Numerical Analysis of Immiscible WAG Recovery Mechanisms in a Large North Sea Field

A large North Sea oil field with excellent reservoir properties in which water injection with full voidage replacement has been the primary drainage mechanism since production start-up is considered. Full-field immiscible WAG injection is planned to further enhance the oil recovery by improving microscopic and macroscopic displacement efficiency. The objective of this work is to use numerical simulations to gain a detailed understanding of the WAG recovery mechanisms and quantify the stake.

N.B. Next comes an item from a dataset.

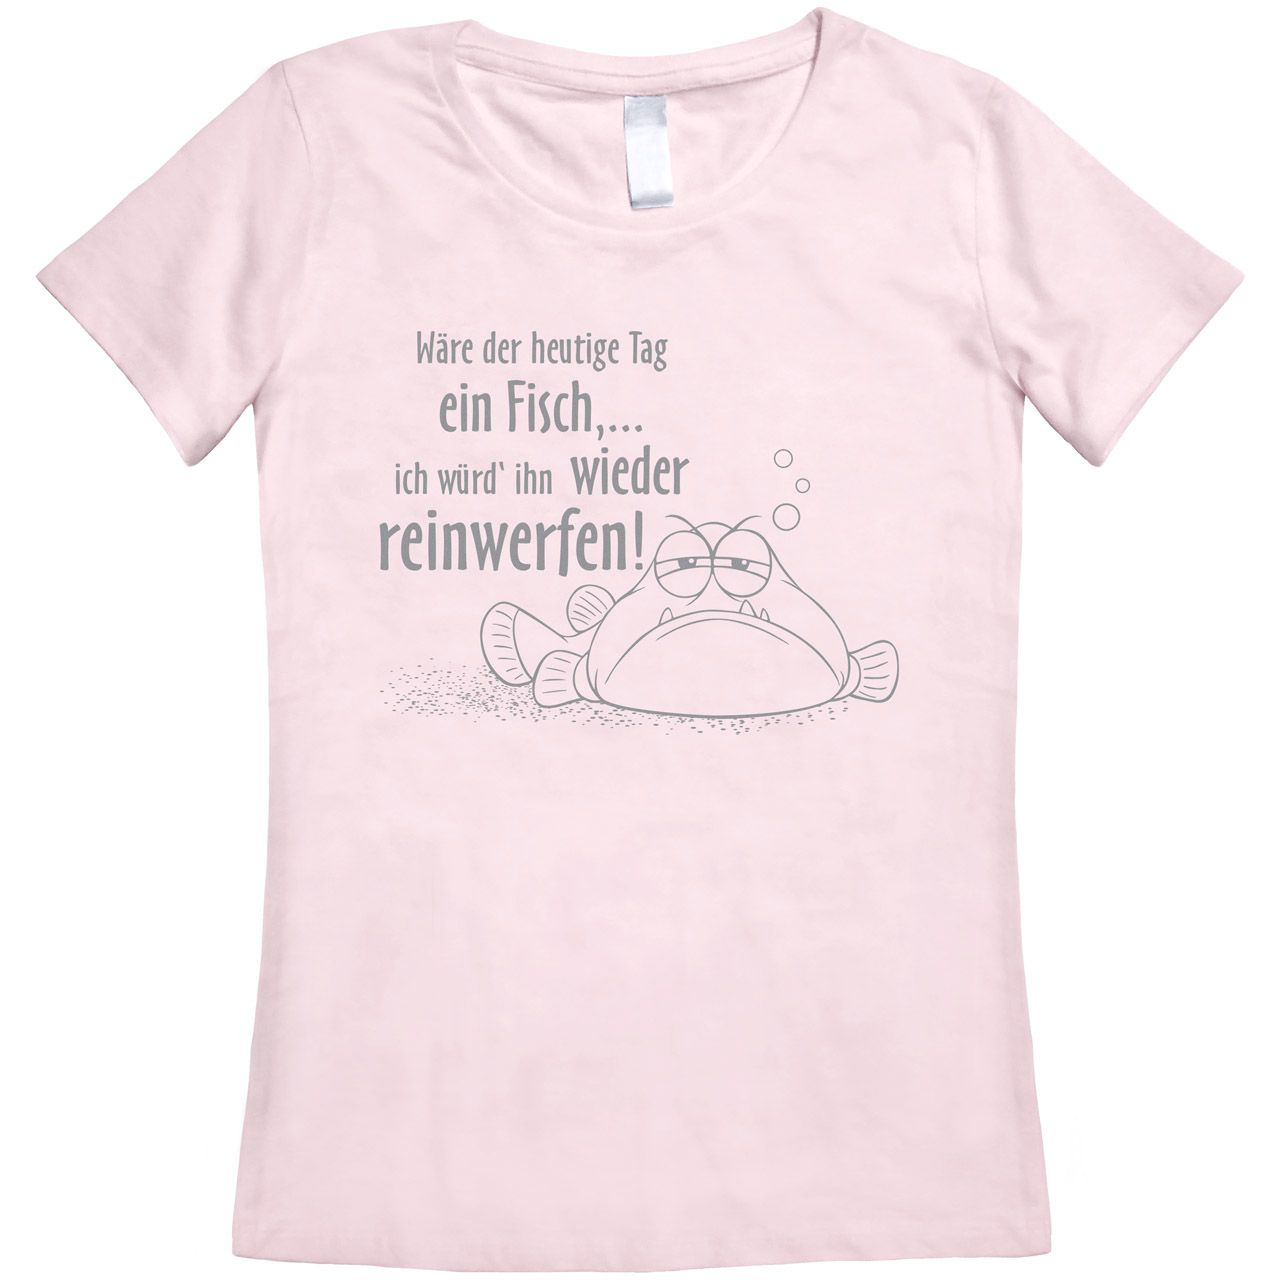 Wäre der heutige Tag ein Fisch Woman T-Shirt rosa Medium
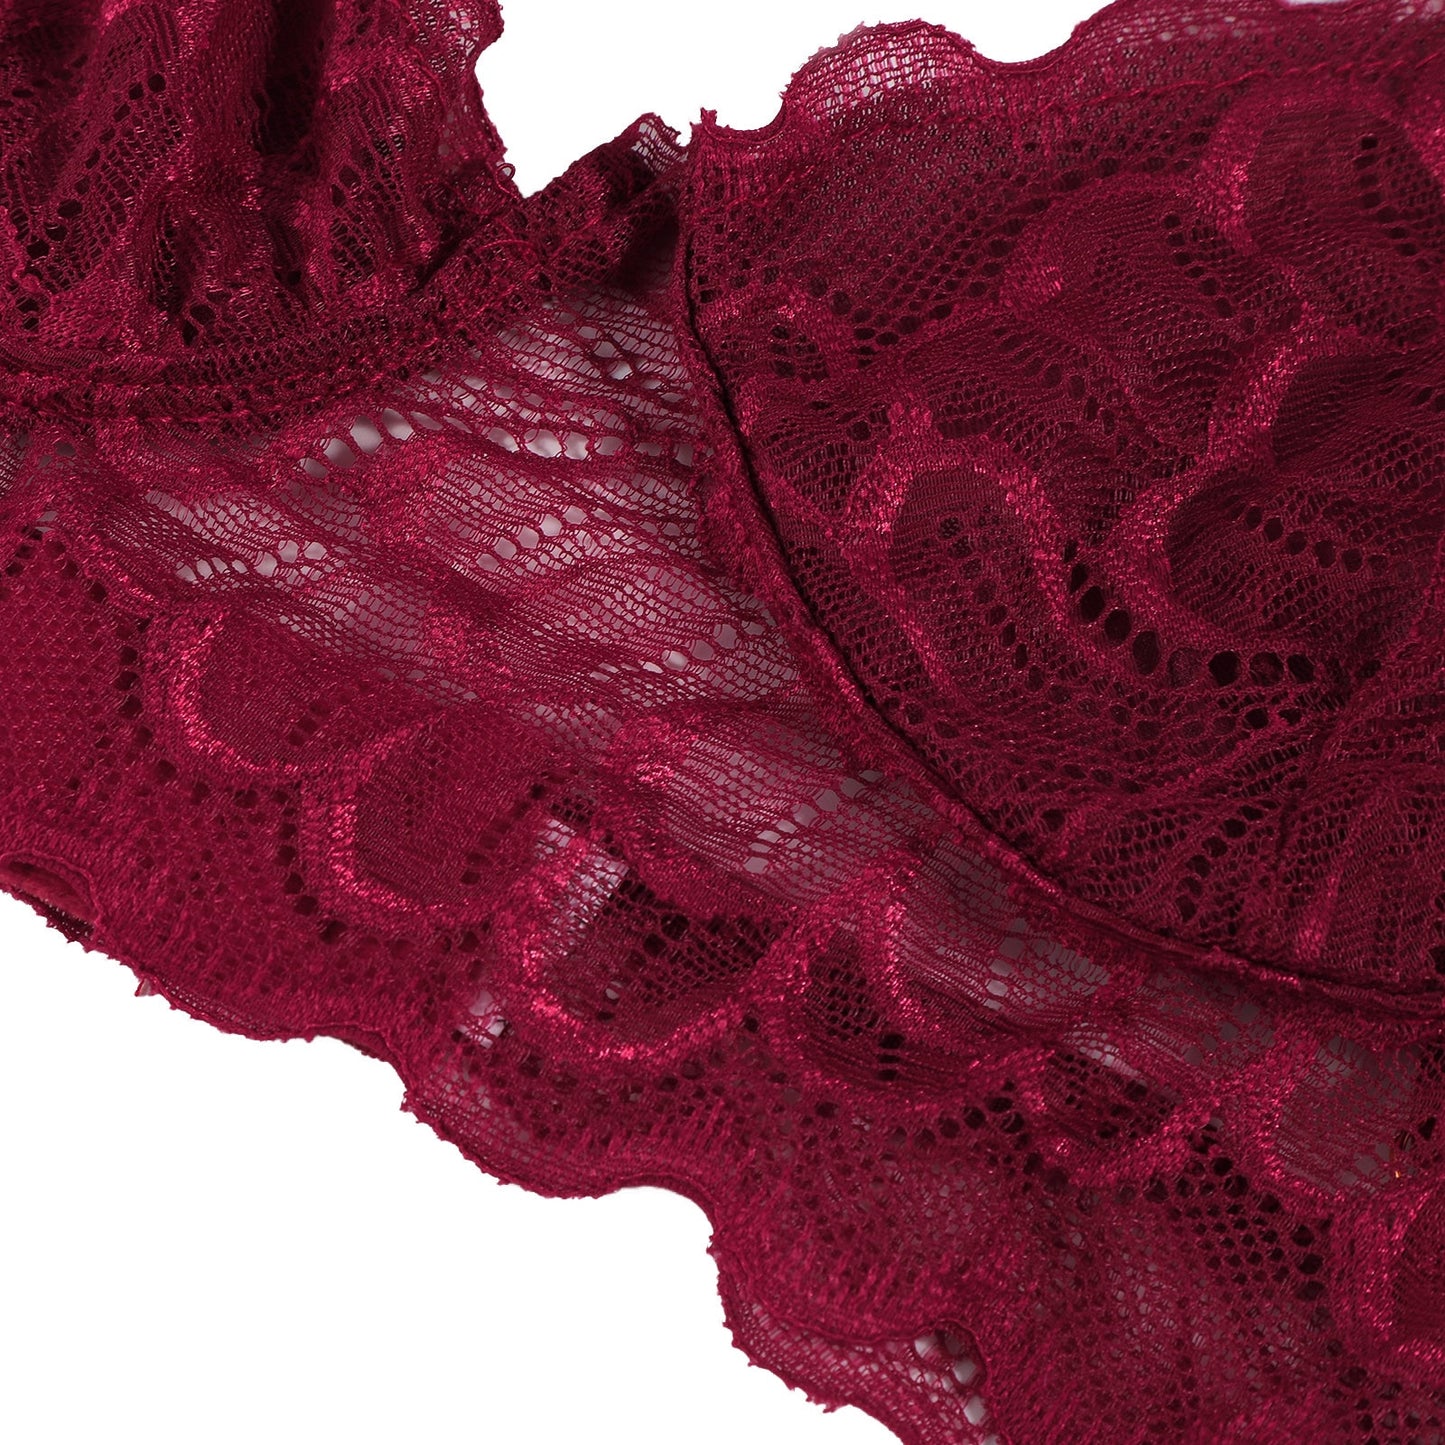 3PC Strap Lace Crochet Cutout Lingerie Set With Garter

This paper presents a numerical analysis of the main physical mechanisms contributing to the incremental WAG recovery compared to a standard waterflooding approach. Three-phase relative permeabilities are studied in detail to evaluate the reduction in residual oil saturation generated by successive water and gas sweeps. Using a zero-dimensional compositional simulation, the gas-oil interactions taking place during gas injection before saturation (strong condensing drive) and after saturation (weak condensing drive followed by stripping) are analyzed. Three-dimensional generalized Black-Oil simulation results are employed to quantify the magnitude of the deviscosification and oil swelling processes over time and the potential recovery increment induced by these mechanisms. Oil saturation maps are used to compute the recovery increment achieved thanks to the displacement of attic oil by the gas plume in areas not swept by water at the top of the reservoir.

Despite the simple Black-Oil model considered in the 3D study, the methodology summarized above provides a detailed insight into the key mechanisms yielding the excellent overall WAG incremental recovery observed in the full-field simulations. The study demonstrates that attic oil displacement is critical for the success of WAG in this field and is complemented by strong gas-oil interactions boosted by the large initial undersaturation of the oil. The results also illustrate the long-lasting beneficial impact of WAG on recovery years after the end of the cycles. A numerical sensitivity study is proposed combining grid refinement and advanced relative permeability hysteresis modeling to gain more confidence in the findings. The study concludes with a review of the limitations of the numerical modeling approach (no 3D compositional modeling, need for a more accurate time-dependent modeling of gas-oil interactions on coarse grids).